Task requirements. Reproduce each line below precisely. Drop the pictures.

Data items:
* * * * * * * * *

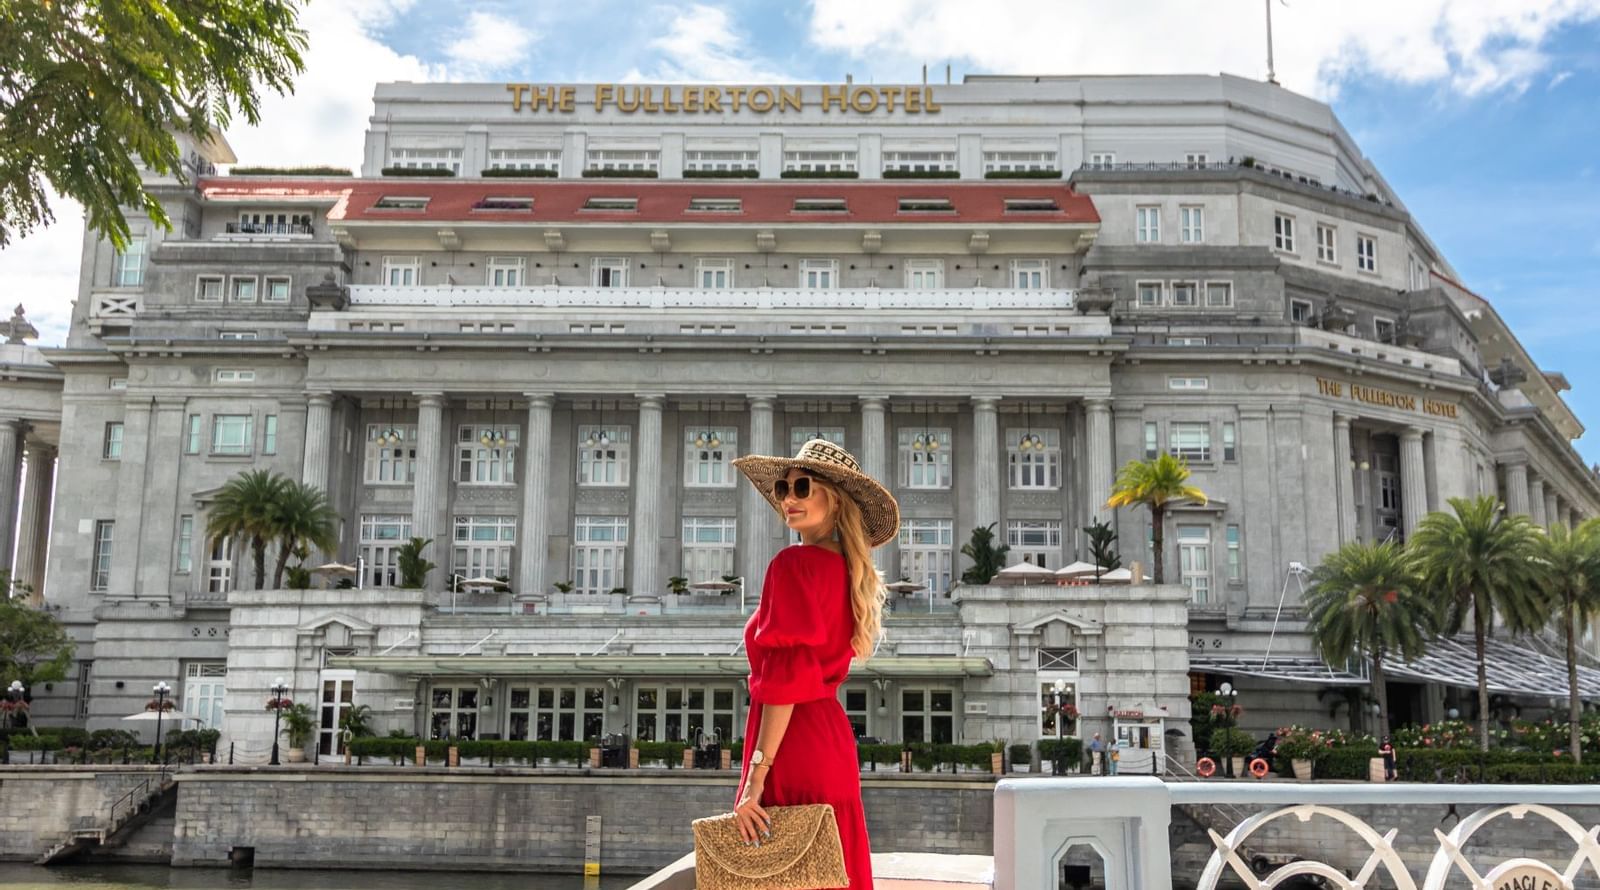 A lady in red posing at the entrance of Fullerton Singapore
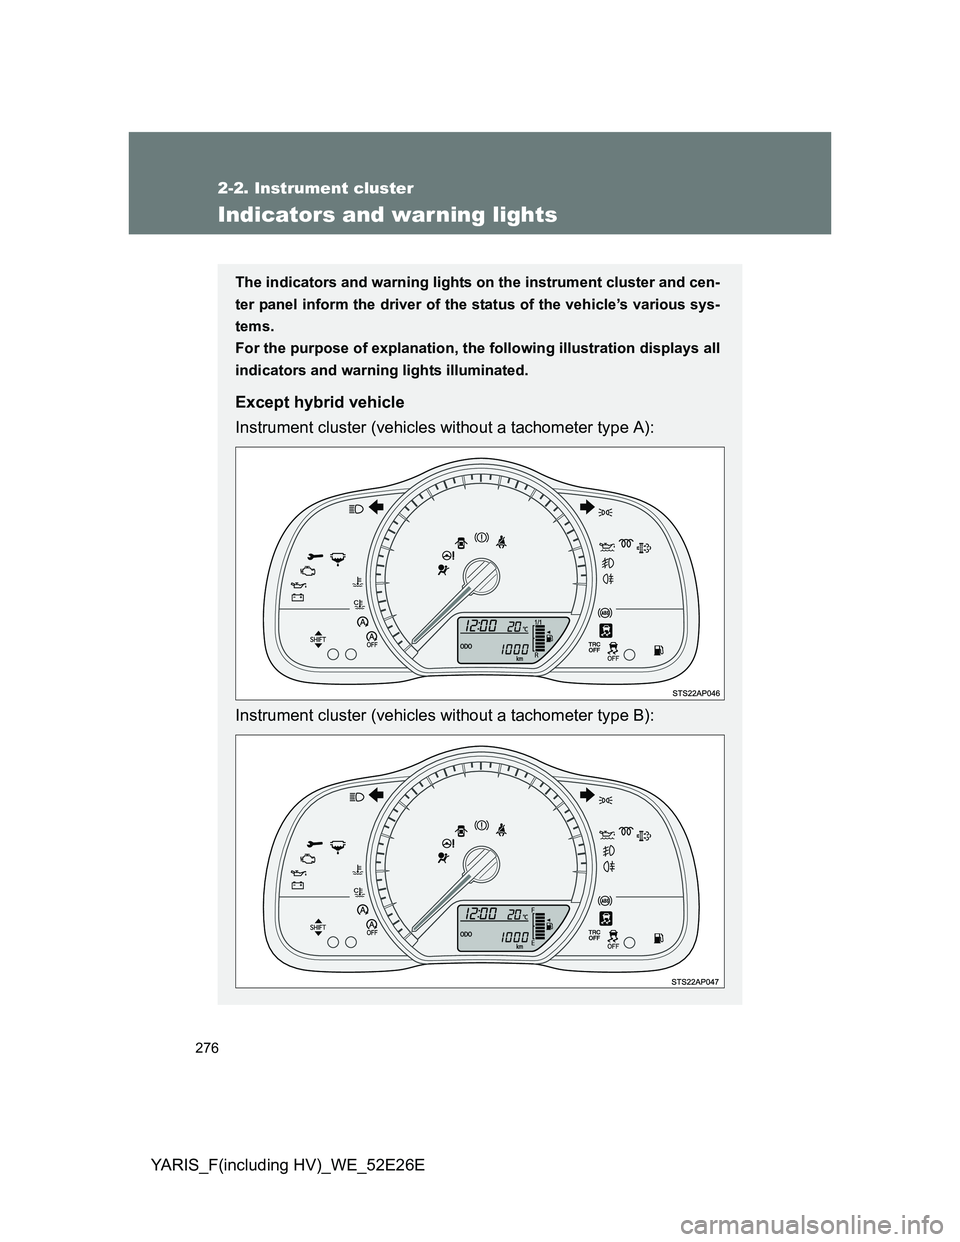 TOYOTA YARIS 2013  Owners Manual 276
2-2. Instrument cluster
YARIS_F(including HV)_WE_52E26E
Indicators and warning lights
The indicators and warning lights on the instrument cluster and cen-
ter panel inform the driver of the status
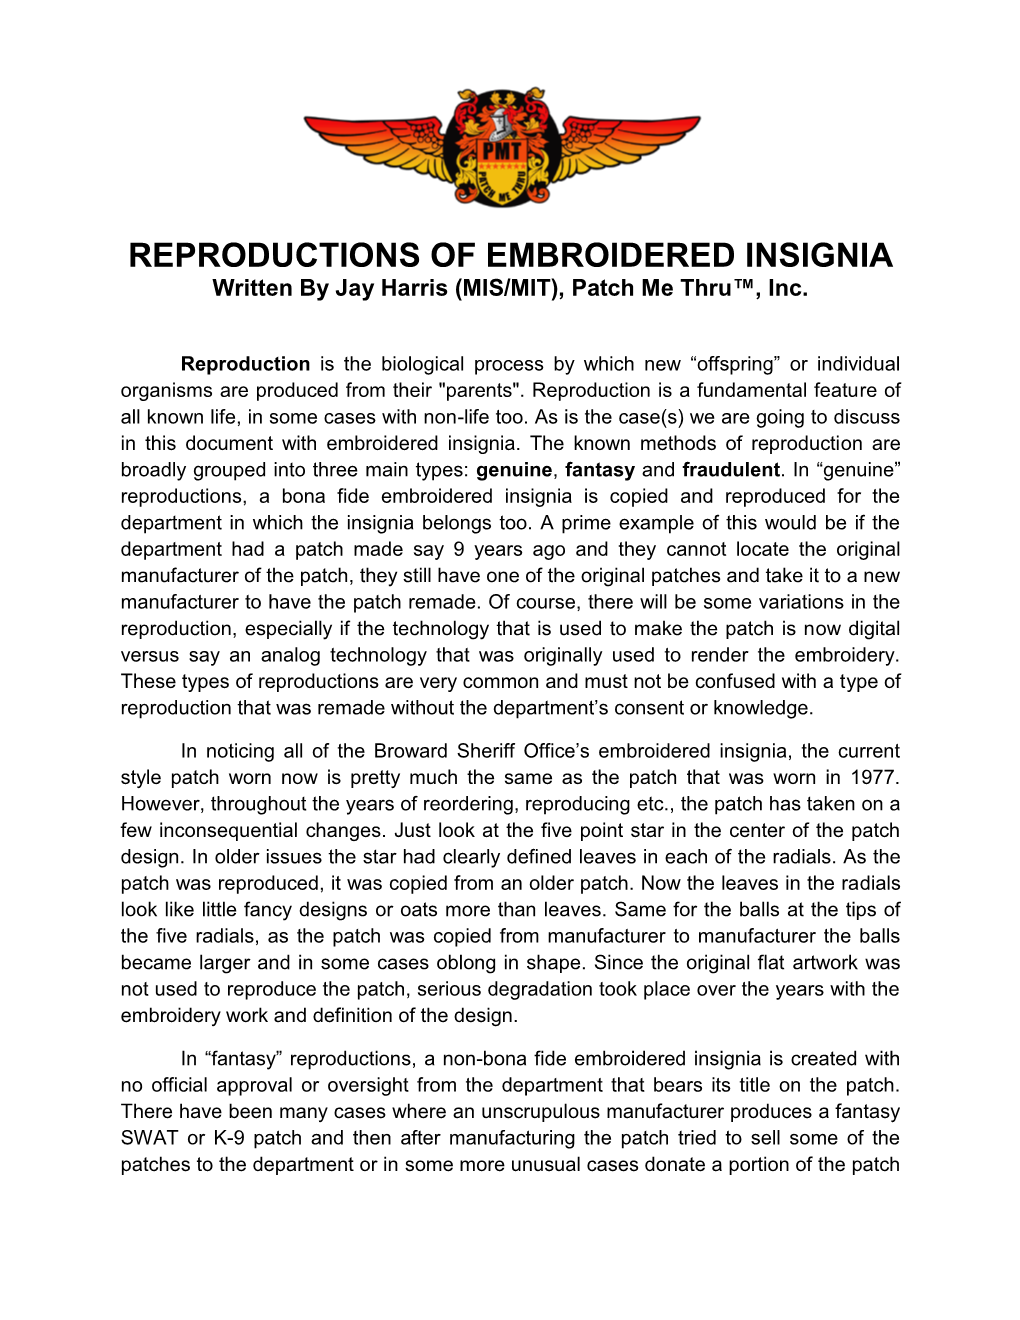 REPRODUCTIONS of EMBROIDERED INSIGNIA Written by Jay Harris (MIS/MIT), Patch Me Thru™, Inc

* * * * * * * * *

Solved problem.
 A lady in red posing at the entrance of Fullerton Singapore
 TOYOTA YARIS 2013  Owners Manual 276
2-2. Instrument cluster
YARIS_F(including HV)_WE_52E26E
Indicators and warning lights
The indicators and warning lights on the instrument cluster and cen-
ter panel inform the driver of the status
 REPRODUCTIONS of EMBROIDERED INSIGNIA Written by Jay Harris (MIS/MIT), Patch Me Thru™, Inc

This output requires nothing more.